I feel as though I am going through my days and life with the volume turned down. I thought perhaps I was faking it, but when I really get down to thinking about it... it's me but the volume is so muted that I can hardly recognize who I am on the outside verses who I am on the inside. They do not match up.
What is hard, is that I feel that if I showed people my full volume amplified to it's true setting, they would run for the hills screaming in fear. Thinking drama would surely follow. When in fact that's not always the case. Sometimes it is, if you think emotional disturbance is drama.
It's as if I am confined, like a bird in it's cage to live a life with in what is considered "normal" by others, when there is a whole different world out there brilliant, bright and sometimes even beautiful.
My soul is run by my emotions. My actions follow my emotions. I can not stop that. It's ingrained into me. It's how I function on a cellular level. Denying that is like not being true to myself. But society tells me that if I do everything I desire to through my emotions that I am exiled. Even know I fear posting this as it's shows and reveals too much of myself. It's going too deep. Too far considered by "others".
I have no idea where I got this from. Where I learned it, who knows. But I have this innate sense to be accepted by others in society. When someone doesn't like me or shys away from me, I have this desire to push for them to like me even harder and in turn pushes then away even further. I need to allow myself to let go of those people. Everyone has the right to "not like me" or.. to not be around me. Or have who ever they want in their lives and avoid people who they do not want.

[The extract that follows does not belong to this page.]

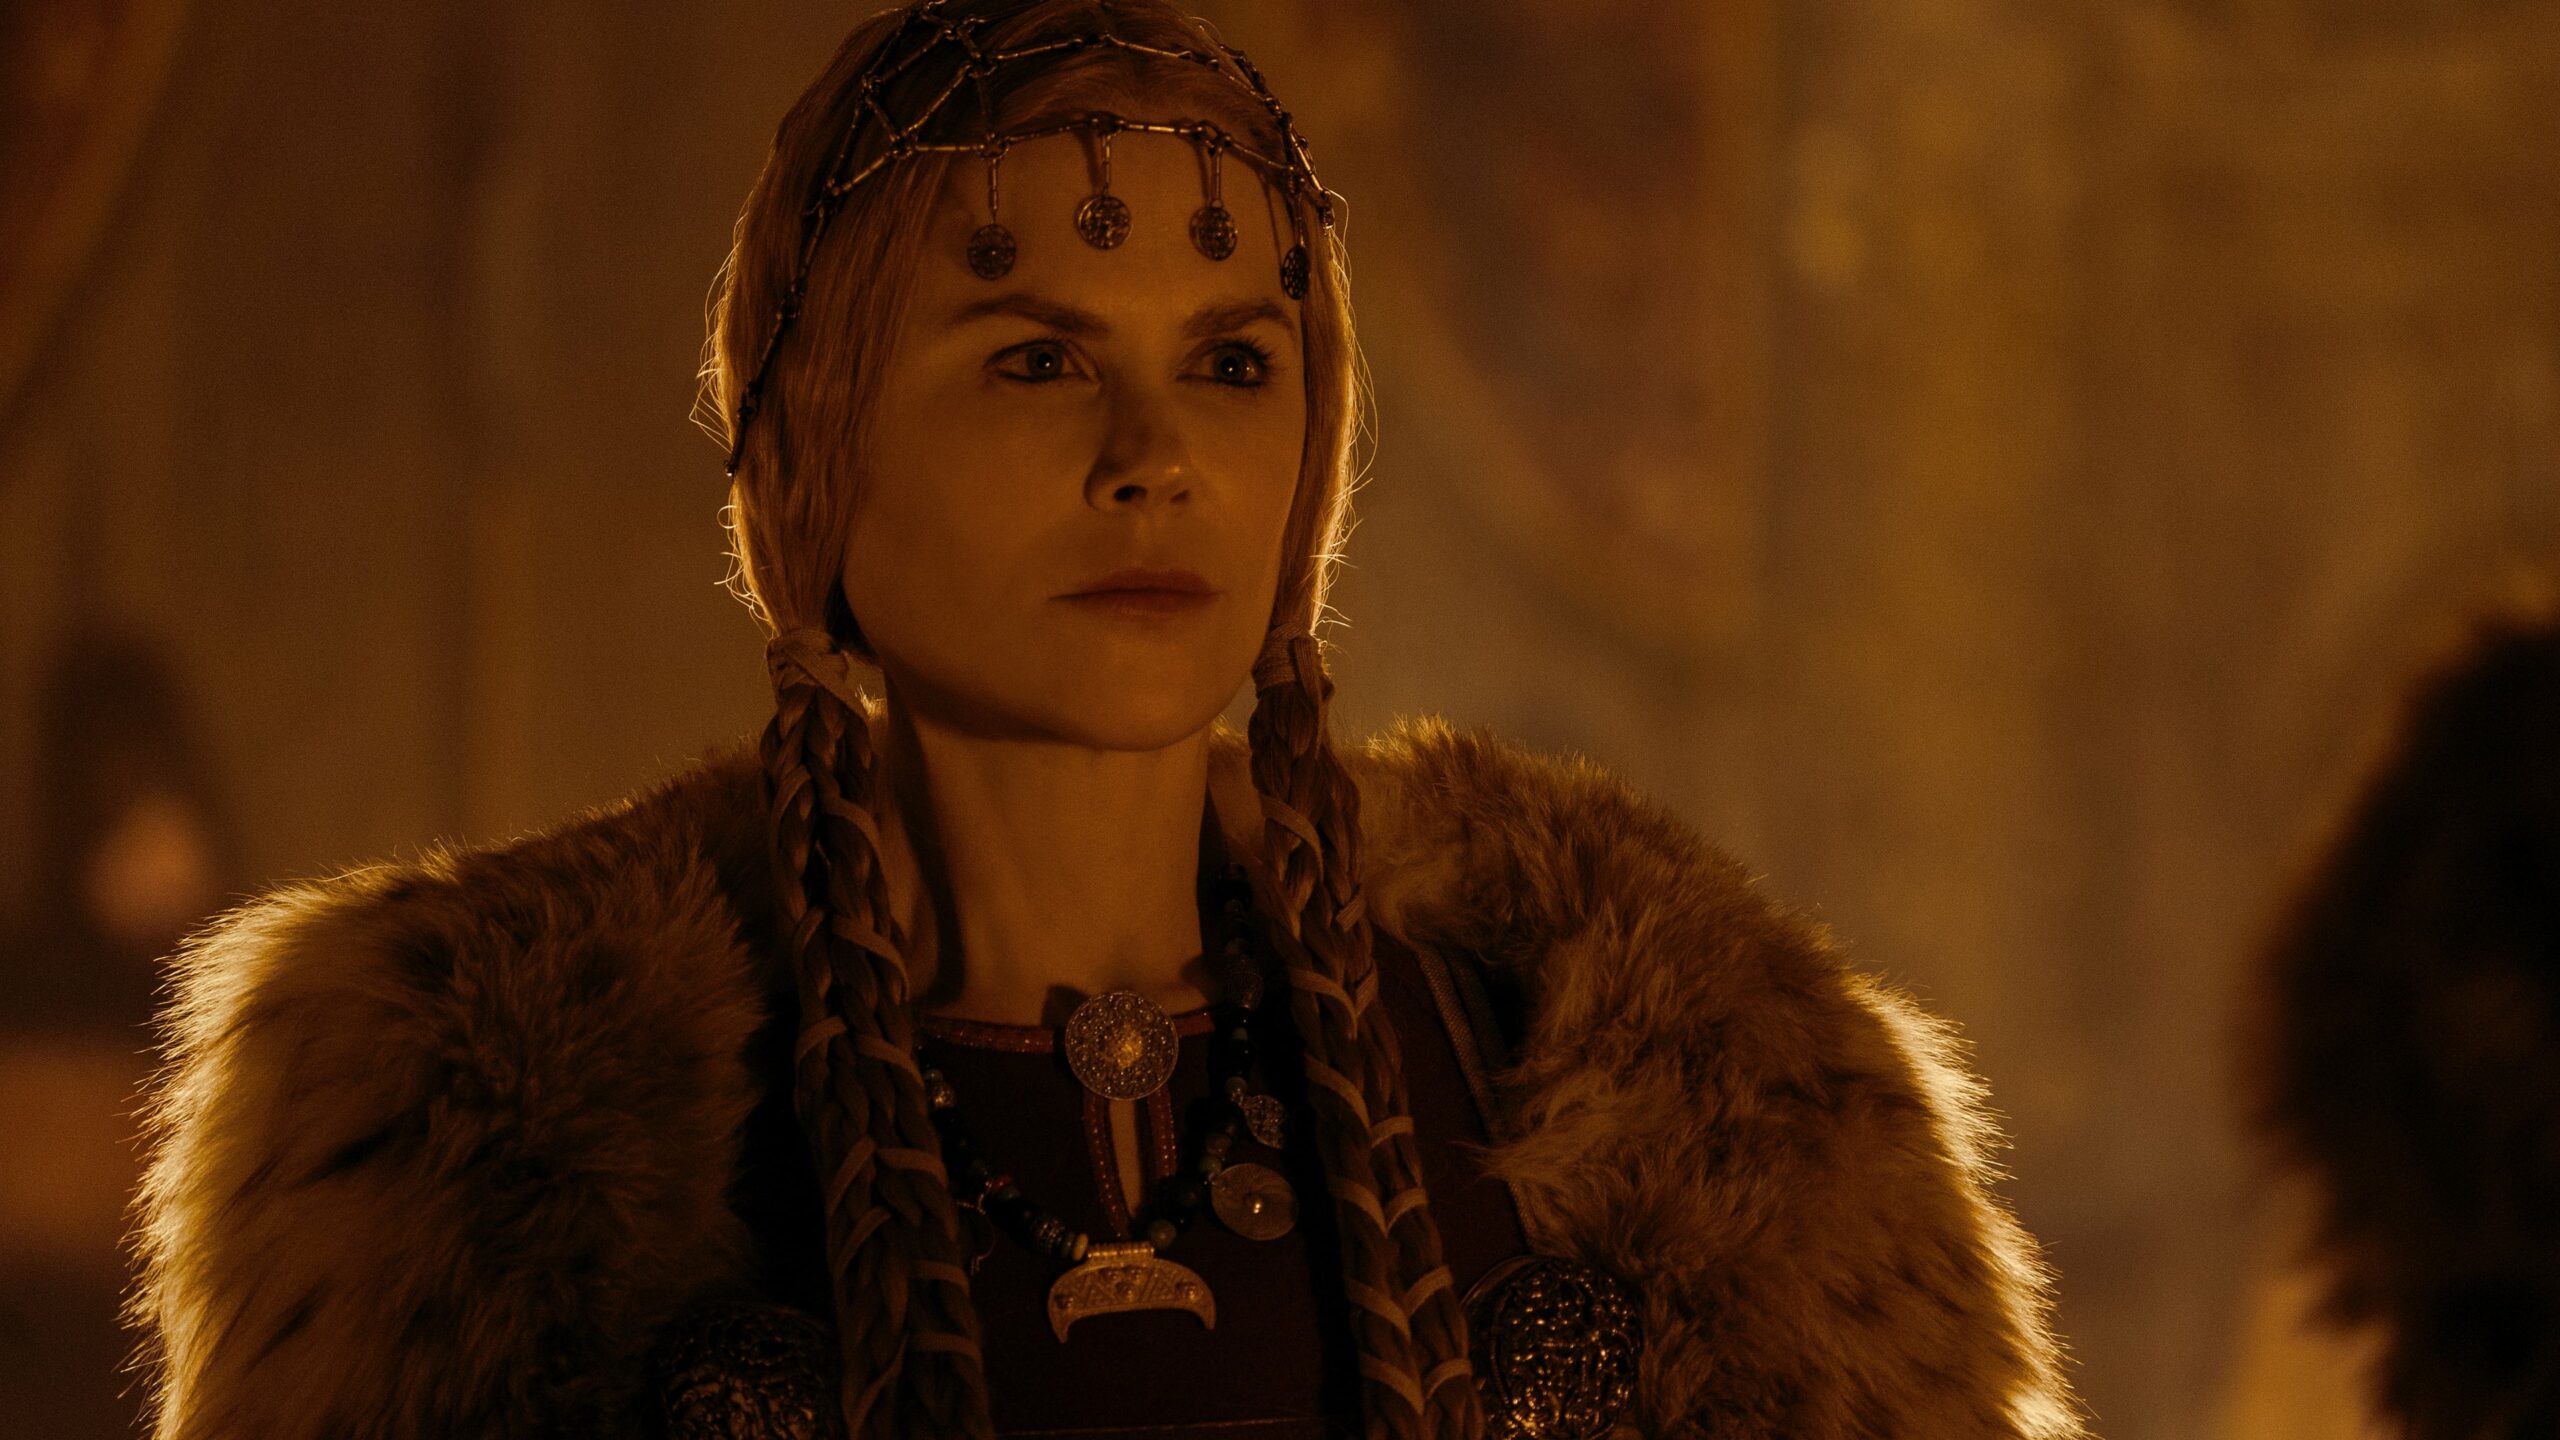 Nicole Kidman as Queen Gudrún plays an especially memorable part in the story

They say all this is a gift.... but it really makes me feel like. I'm not in control of myself. I feel completely out of control. For years.... a decade in fact I've been trying to stay in control and in the box that the world created for me. But the problem is it makes me feel fake and "not real.". I've gotten to the point now... where I am trying to control my external world to help me control my inner world. For example, if I control my husband and tell him to pick up and move his shoes, it causes me less stress to have the shoes put in their place. Or I know exactly where my hair brush belongs. And when it's moved out of place, panic sets in, because it's one more thing I have to think of and put effort into figuring out where I put it last. I keep a regimented lifestyle. It causes me the least stress possible. But I am realizing and getting to a point where I can not control the external and I am only getting disappointed by the results of failed control of my world around me. So THAT folks, tells me I need to figure out myself. I can only be in control of myself .... nothing or no one else but myself. I need to reach a place where I am running my emotions and my emotions are not running me. However, that sounds so...... foreign to me. It sounds impossible....
How am I supposed to change who I've been for so long. And what is even more complex is maybe this is why I haven't reached true happiness and joy. But does that even exist. People act like they have attained it. But I have doubts. I wonder if they are faking it too.. or.... volume is turned up instead of down. I have no idea.
I am nearing 30 now., and I still feel like I don't know what this world is all about. And even worse, I don't know what I am all about. I'm panicking thinking I am almost 30 and I should have my shit together.And in some ways I am no better then when I was 22 then I am now. In other ways I think I've learned a lot. It's just not enough is all.